Epigenetic Regulation of Notch Signaling by Prenatal Alcohol Exposure Impacts Cardiac Outflow Tract Defect Development

Introduction: Prenatal alcohol exposure (PAE) leads to congenital heart defects (CHD) with incomplete penetrance and phenotypic heterogeneity. We have demonstrated a gene-environment interaction in this context wherein acute PAE synergizes with second heart field (SHF) haploinsufficiency of Notch signaling, resulting in highly penetrant outflow tract (OFT) defects. Hypothesis: We hypothesize that acute PAE-induced hyperacetylation at histone marker 3 lysine residue 9 (aH3K9) epigenetically inhibits Notch signaling. This potentiates the impact of a pre-existing genetic defect that results in partial loss of Notch signaling leading to loss of viability of SHF progenitors necessary for OFT elongation and alignment. Methods: We studied the effects of acute PAE in vivo in our murine model (two injections of 3g/kg 30% ethanol on E6.5) on acetylation, SHF viability, OFT length, and Notch intracellular domain (NICD) localization. Complimentarily, we evaluated alcohol exposure in vitro using our established thoracic organ culture model. Acetylation was reversed using pan-histone acetyltransferase inhibitor anacardic acid. Results: At E9.5, acute PAE resulted in a significant increase in H3K9 acetylation in SHF associated with restriction of NICD to the cell membrane. This resulted in a 0.28-fold reduction in Notch signaling, as evidenced by reduced Notch reporter expression, and 0.52-fold reduction in SHF cell proliferation (both p<0.001). Loss of SHF progenitors needed for incorporation into the developing OFT reduced OFT length 26% (p<0.001).

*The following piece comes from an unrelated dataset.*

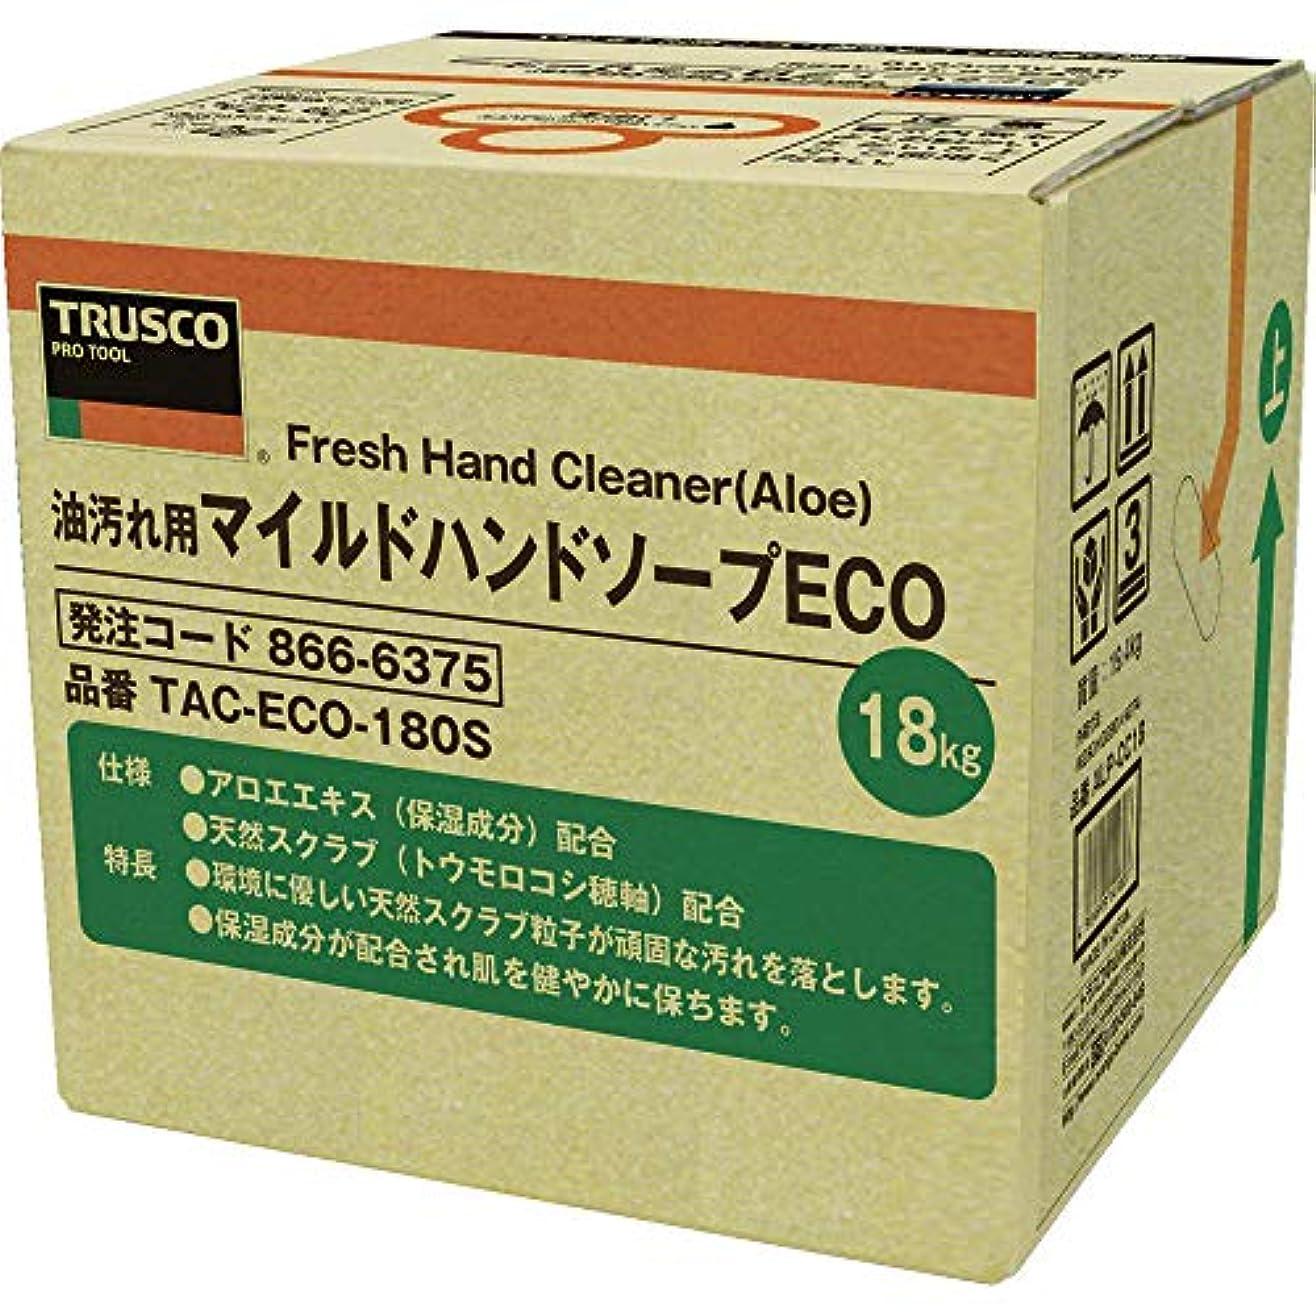 遺棄された踊り子民主党TRUSCO(トラスコ) マイルドハンドソープ ECO 18L 詰替 バッグインボックス TACECO180S
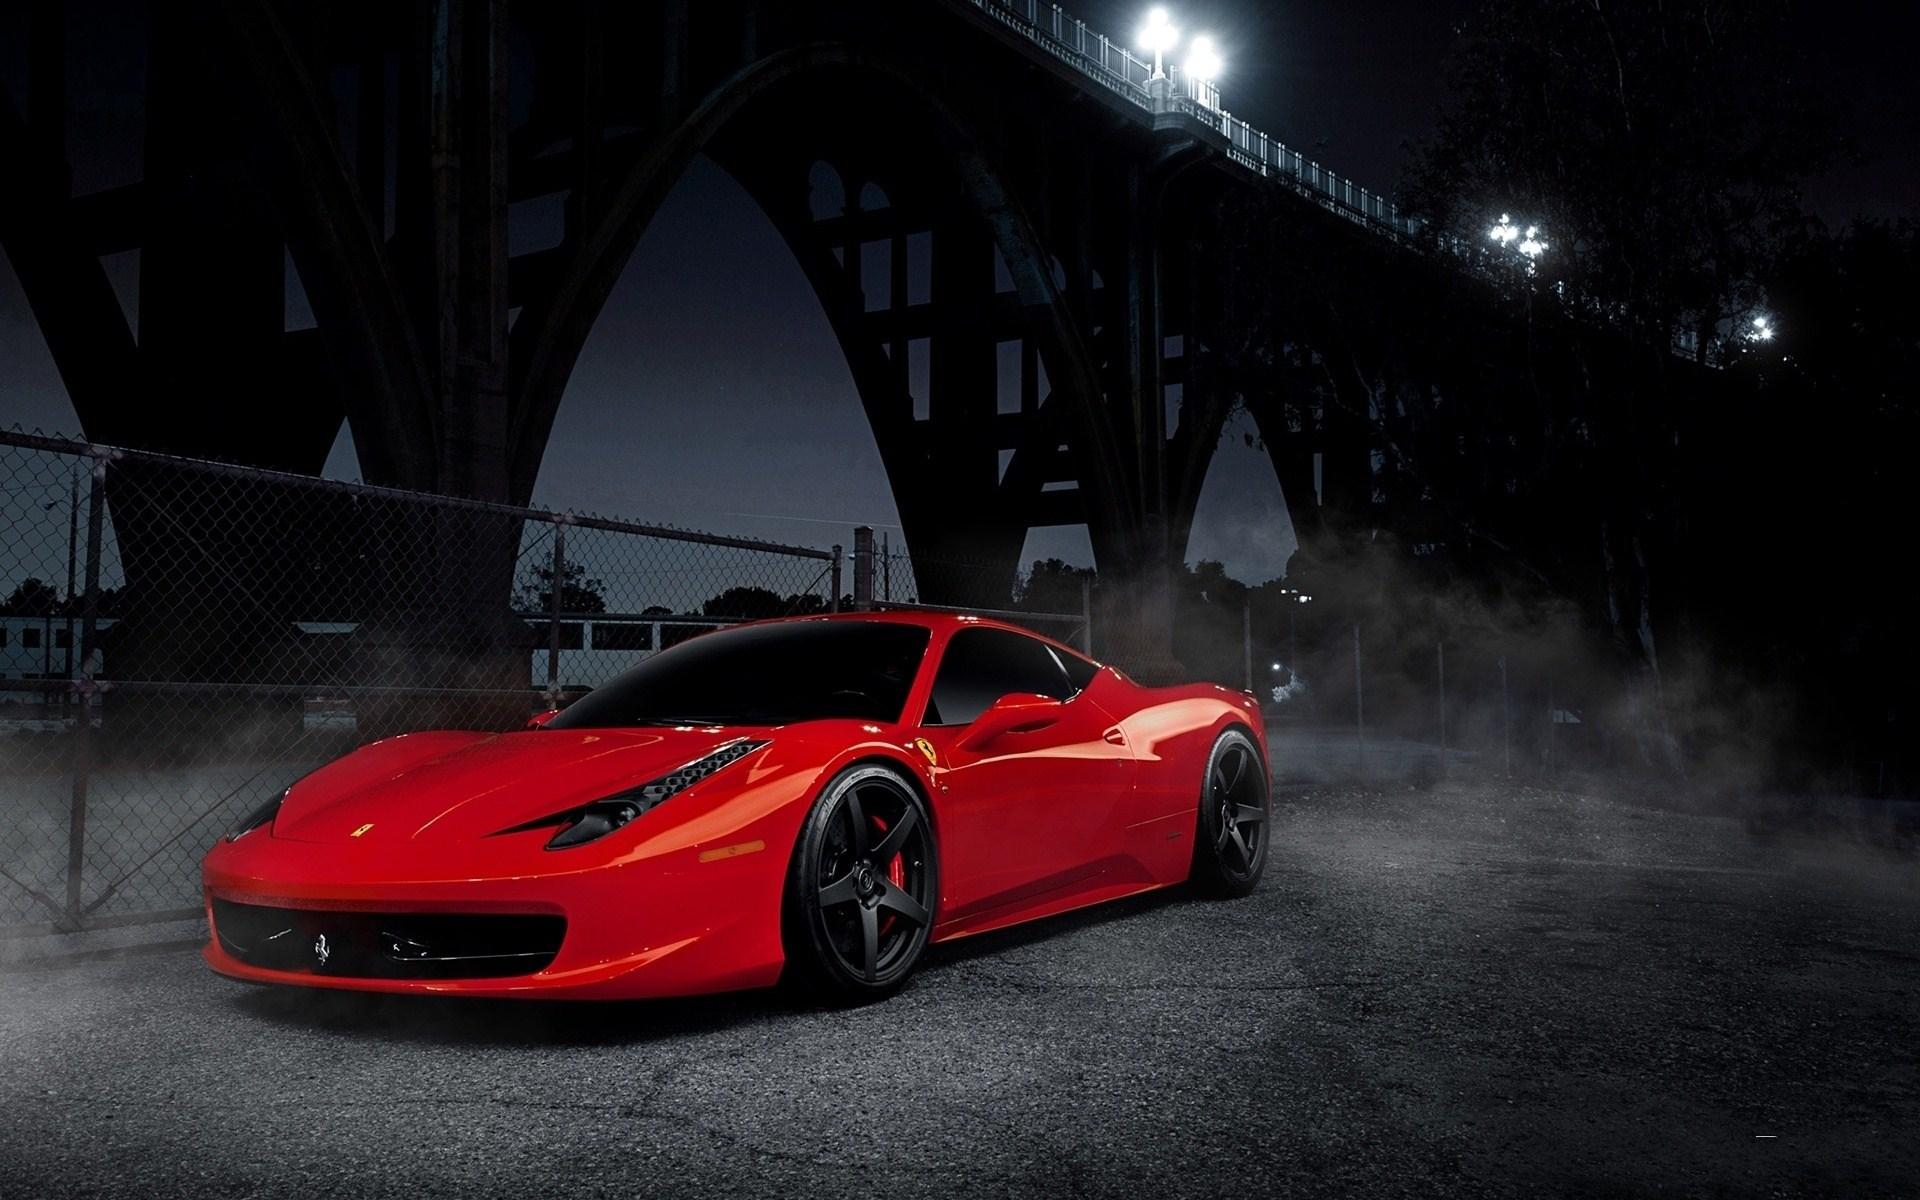 Red Ferrari 458 Italia Wallpaper for iPhone

In vitro thoracic organ culture analyses recapitulated increased acetylation, NICD restriction to cell membrane and reduced SHF proliferation by 60% (p<0.001). Anacardic acid reversed the increase of aH3K9 and allowed NICD nuclear translocation. Notch signaling and SHF proliferation returned to baseline. Conclusions: Acute PAE induces hyperacetylation in the SHF and inhibits Notch signaling by restricting NICD translocation. Lack of Notch signaling reduces SHF viability and prevents elongation of the developing OFT. This hereto unexplored impact of alcohol on the Notch pathway provides a novel area of investigation regarding gene-environment interaction in alcohol teratogenesis.